Жанна промолчала, только плечами вздернула.

– Они щемяще-печальные, сентиментальные и больше трогают нежные сердца девочек, – сказала Аня.

– Мальчишкам ближе Том Сойер и Гек Финн, – усмехнулась Инна. – Они сказки Андерсена только через мультфильмы воспринимают. В наше время редакторы меняют концовки его сказок на более мягкие, чем ухудшают их смысл.

– Согласна, – кивнула Аня.

24

– Лена, журналисты тебя часто посещают?

– Бывает. Только я не люблю, когда они пересекают личные границы без моего на то ведома.

– Как это? – уточнила Аня.

– Обещают написать о творчестве, а посвящают статьи подробностям личной жизни, пропущенным через собственное не совсем профессиональное и не очень порядочное нутро, заботясь только о собственном пиаре. Я таких «импровизаторов» на порог больше не пускаю. Тем, кто меня хоть раз обманул или предал, я больше не доверяю.

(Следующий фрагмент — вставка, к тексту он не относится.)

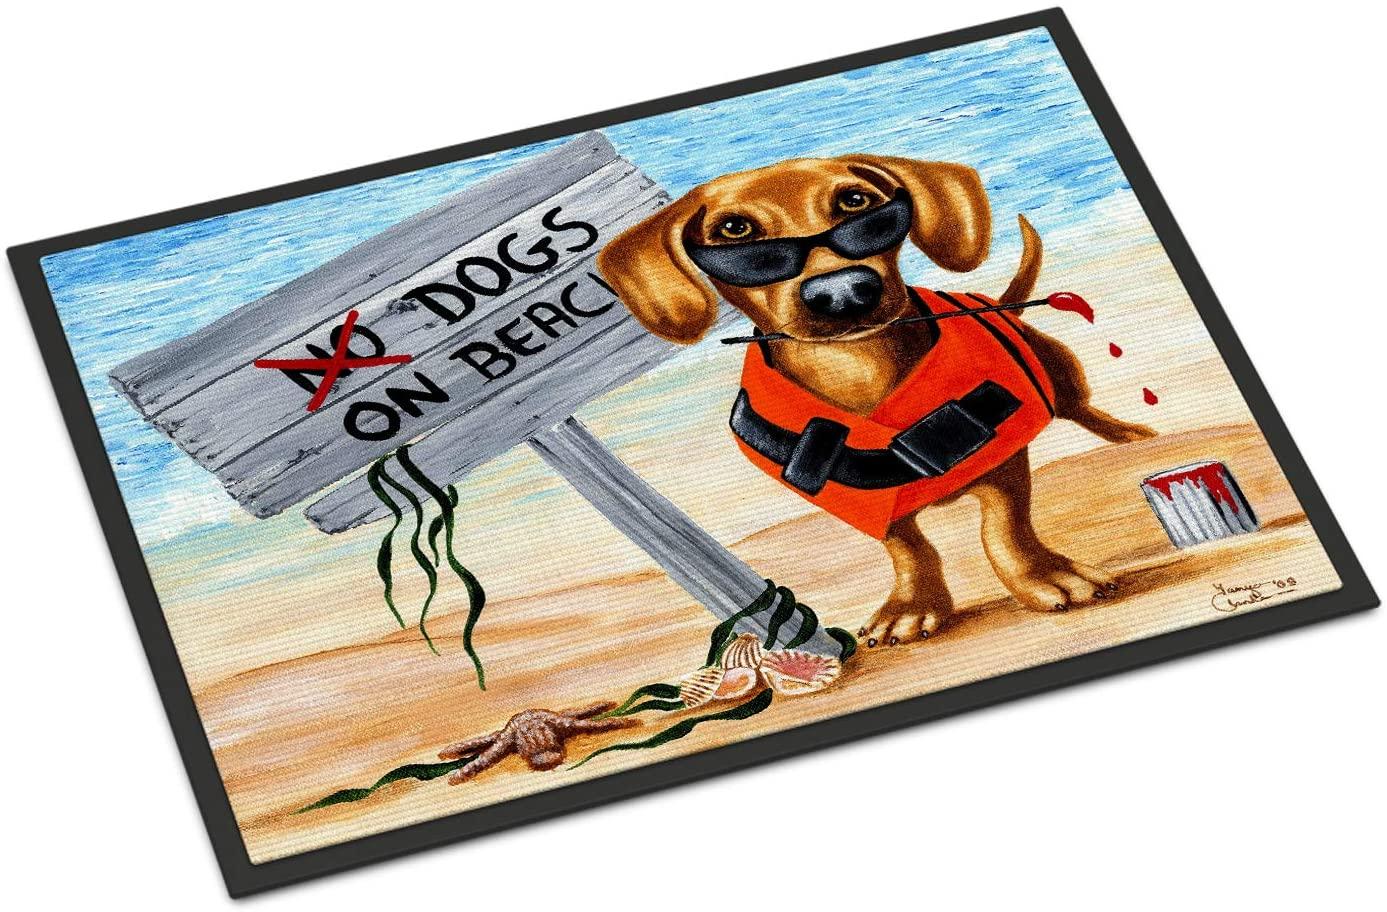 Carolines Treasures AMB1341JMAT The Dog Beach Dachshund Indoor or Outdoor Mat 24x36, 24H X 36W, Multicolor

– Не люблю журналистской кампанейщины: захотят – вознесут, захотят в порошок сотрут. Я написала хвалебную статью об одном прекрасном человеке, а ее не приняли. Оказывается, ею я лила воду на мельницу неугодного начальству конкурента на высокую должность.

– Аня, журналисты тоже народ зависимый, они чьи‑то заказы выполняют, – объяснила Жанна. – От рядовых журналистов современной свободной прессы я слышала, что они с ностальгией вспоминают советские времена, когда на каждое критическое выступление газеты в обязательном порядке следовал ответ-разъяснение, а теперь никому дела нет до их критических заметок, будто все люди замкнуты только на самих себя. Часто сообщение срабатывает непредсказуемо и совершенно в неожиданном месте. И звучит оно уже не доброй критикой, как предполагалось, а орудием возмездия в чьих‑то недобросовестных играх. Возникают парадоксальные ситуации, не дающие опомниться. Нам в это лучше не вникать.

– Лена, а сама ты в своих книгах не переходишь границы дозволенного правилами приличия? – спросила Аня.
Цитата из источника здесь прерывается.